Smart Airports: New Technologies Set to Take Flight & Transform the Passenger Journey

The following blog was written by John Devlin, founder of P.A.ID Strategies, one of Valour Consultancy’s trusted partners. The original article can be viewed here.

Future Growth is Outstripping Capacity

With forecasts for growth in air travel ranging from 60% to 100% over the next 20 years, airport operators, airlines and governments face a number of significant challenges.  The predominant question is how to cope with the far greater passenger numbers (and airfreight) without doubling the number of airports.  There will certainly continue to be new airports built, new runways added to existing airports, plus renovation of terminals to ensure that service standards are maintained but it is not cost effective or practical for a combination of reasons to think that future demand can be met by simply building more airports.

Efficiency Over Capacity

So how will this be addressed?  Capacity will be increased but not, as said, by doubling the number of airports.  Generally, airports are in the right places to meet demand and creating multiple versions of the same infrastructure and human resources is inefficient and creates a drain on the available knowledge and skills-base.  Whilst most airports are relatively efficient, they have largely been following the formulae and procedures put in place in the 1950s, 60s and 70s.  Yes, operationally as traffic has increased airports have refined their procedures but essentially, they have not evolved to any great degree.  Better asset utilisation and understanding of and interaction with passengers are key objectives for many airports operators.
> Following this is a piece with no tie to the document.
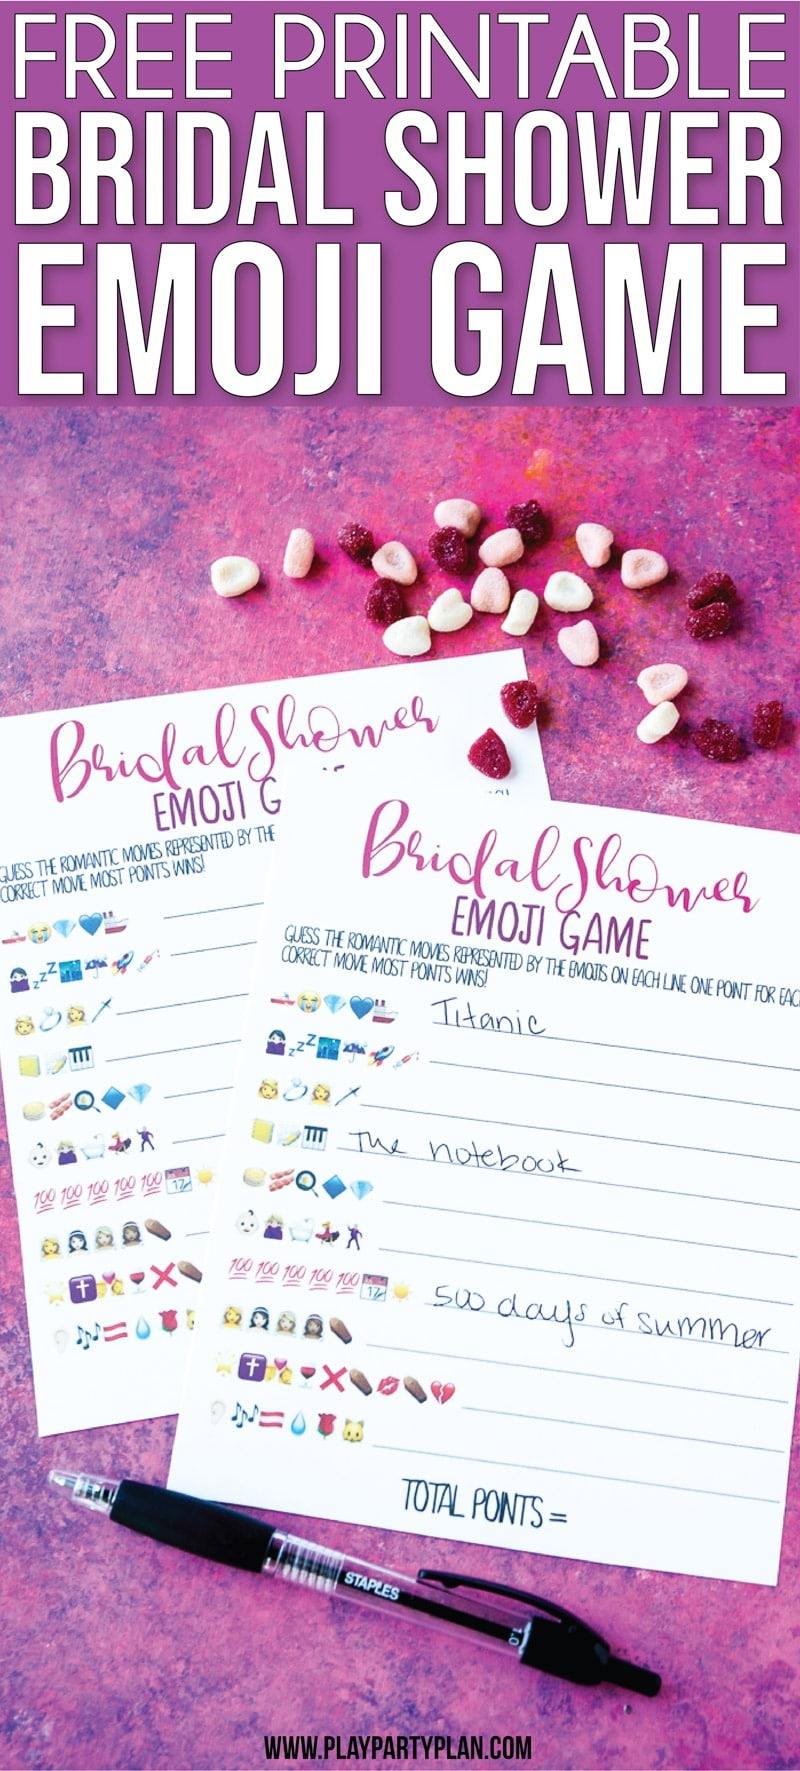 Free Printable Bridal Shower Name The Emoji Game - Free Printable Household Shower Games

Traditional Models are being Disrupted

There certainly remains a need for strong regulation and security but as businesses and consumers have embraced innovative technologies, especially around mobile and the personalisation of services, the passenger experience has not yet progressed to any great degree.  Many businesses and industries have been transformed over the past 5-10 years.  Connectivity, the Internet and smartphones have been the catalyst for much of this.  However, advances in infrastructure, especially at end-points and with the IoT, generate better data, enable more personalisation of services and allow more context to be added to the user experience.
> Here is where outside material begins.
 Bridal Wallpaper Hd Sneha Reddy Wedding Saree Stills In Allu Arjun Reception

Traditional industries no longer have a lock-down on how their service and/or product is provided, bought or consumed.  The Internet has had a major effect on the travel sector, changing how we buy flights, hotels and even airport parking but it all stops at the airport door.  We don’t expect to see disruption on the scale of Uber affect the airlines – at least not in the next 10-15 years – but we do believe that the competitive drivers within the sector will see more movement than we have to date.

Airports and Aviation are Ready for Digital Transformation

We are approaching an inflection point for the sector.  Competition between airlines is not going away and with advances in other areas of (personal) transportation and mass transit this will continue to intensify.  Airport operators are competing more than ever to attract passenger traffic and ensure that they can offer the most attractive financial and service proposition to the airlines.  Balanced against this they have to be careful to ensure that they maintain or improve their customer satisfaction levels.
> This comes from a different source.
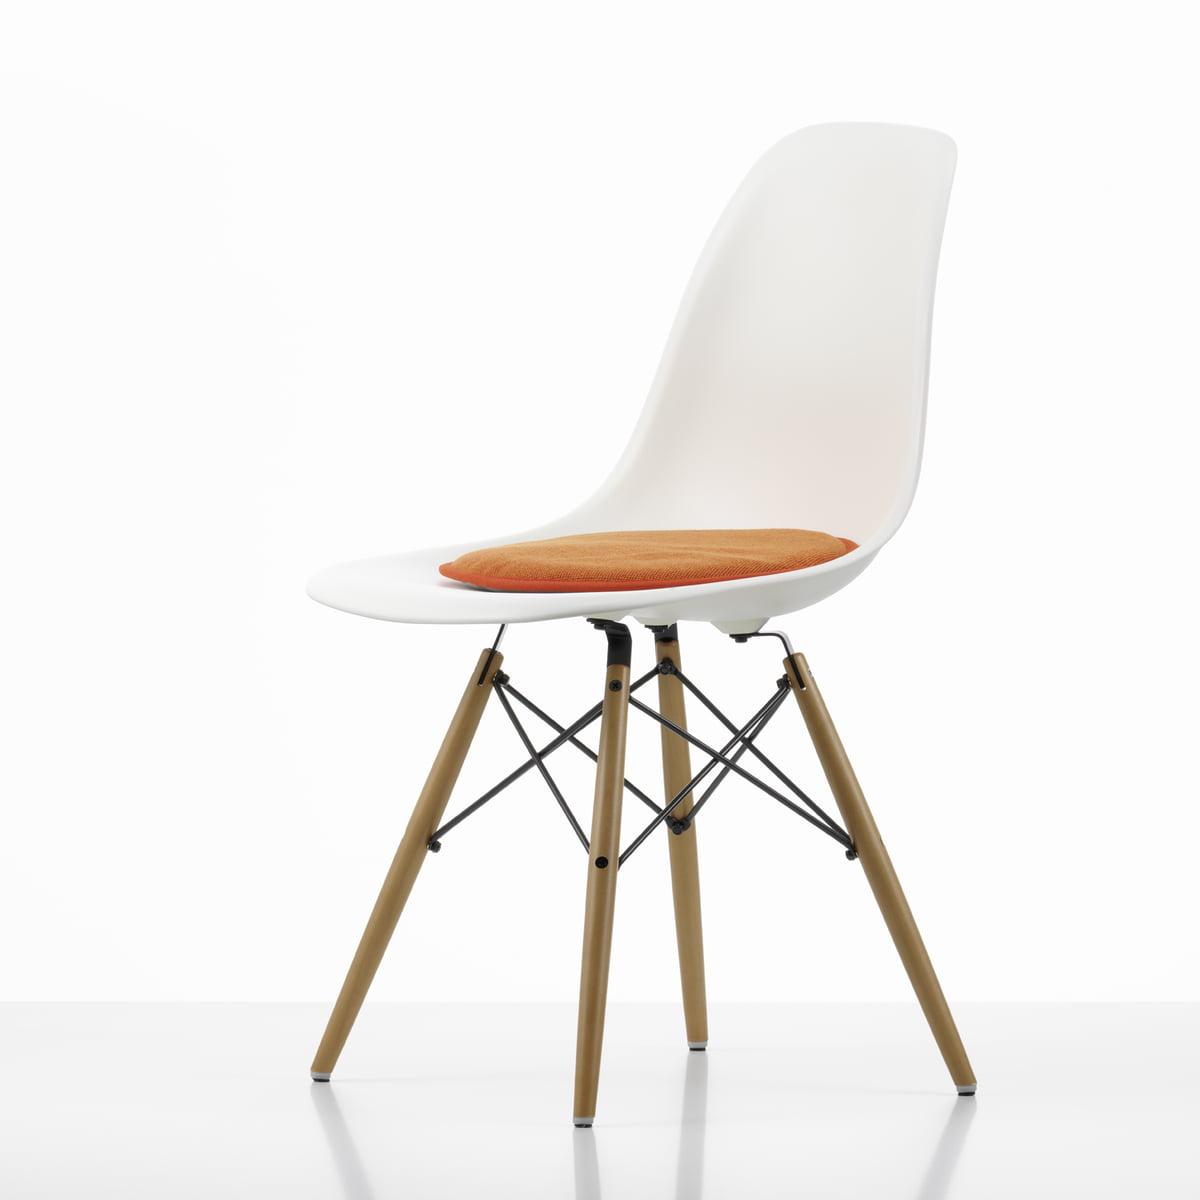 seat dots sitzkissen von vitra connox shop. Black Bedroom Furniture Sets. Home Design Ideas

Costs and pricing can only affect so much of the decision.  The passenger experience is now a differentiating factor and as prices have been driven down there is an increasing focus on generating ancillary revenues – both in-flight and on the ground for both airlines and airport operators.  We have had mobile apps from airlines for a few years but they are very focused on loyalty and do not go much beyond checking-in and boarding passes in terms of tailoring to individuals.  There is little tie in with retail and hospitality, or travelling to and from the airport and parking, car-hire, refreshments, in-flight entertainment and personalised updates.  There most certainly is no ability to connect with the airport and ease the biggest pain points of queueing through security and at the boarding gate.

Future Technologies for Smart Airports – Creating the Digital Passenger Experience

Mobile, apps, online, digital and mobile identity, know your customer (KYC) and authenticating identity, biometrics (facial, fingerprint, iris), sensors, beacons, new forms of payment, mobile wallets, NFC and contactless, RFID, Bluetooth, Wi-Fi, intelligent video analytics, big data, new human interface technologies, chatbots, robots and intelligent assistants.  These are all existing technologies and progressing rapidly, often happening behind the scenes but affecting how we use services and the decisions that we make.

These technologies can be employed within a future smart airport environment, reducing queues, improving the passenger experience, helping operators, airlines and their partners better engage with their customers, understand them and meet their requirements.  In turn, this has the upside of better customer service and improved loyalty as well as greater revenue potential, whilst also creating more efficient airports that are better able to meet future demand and capacity requirements.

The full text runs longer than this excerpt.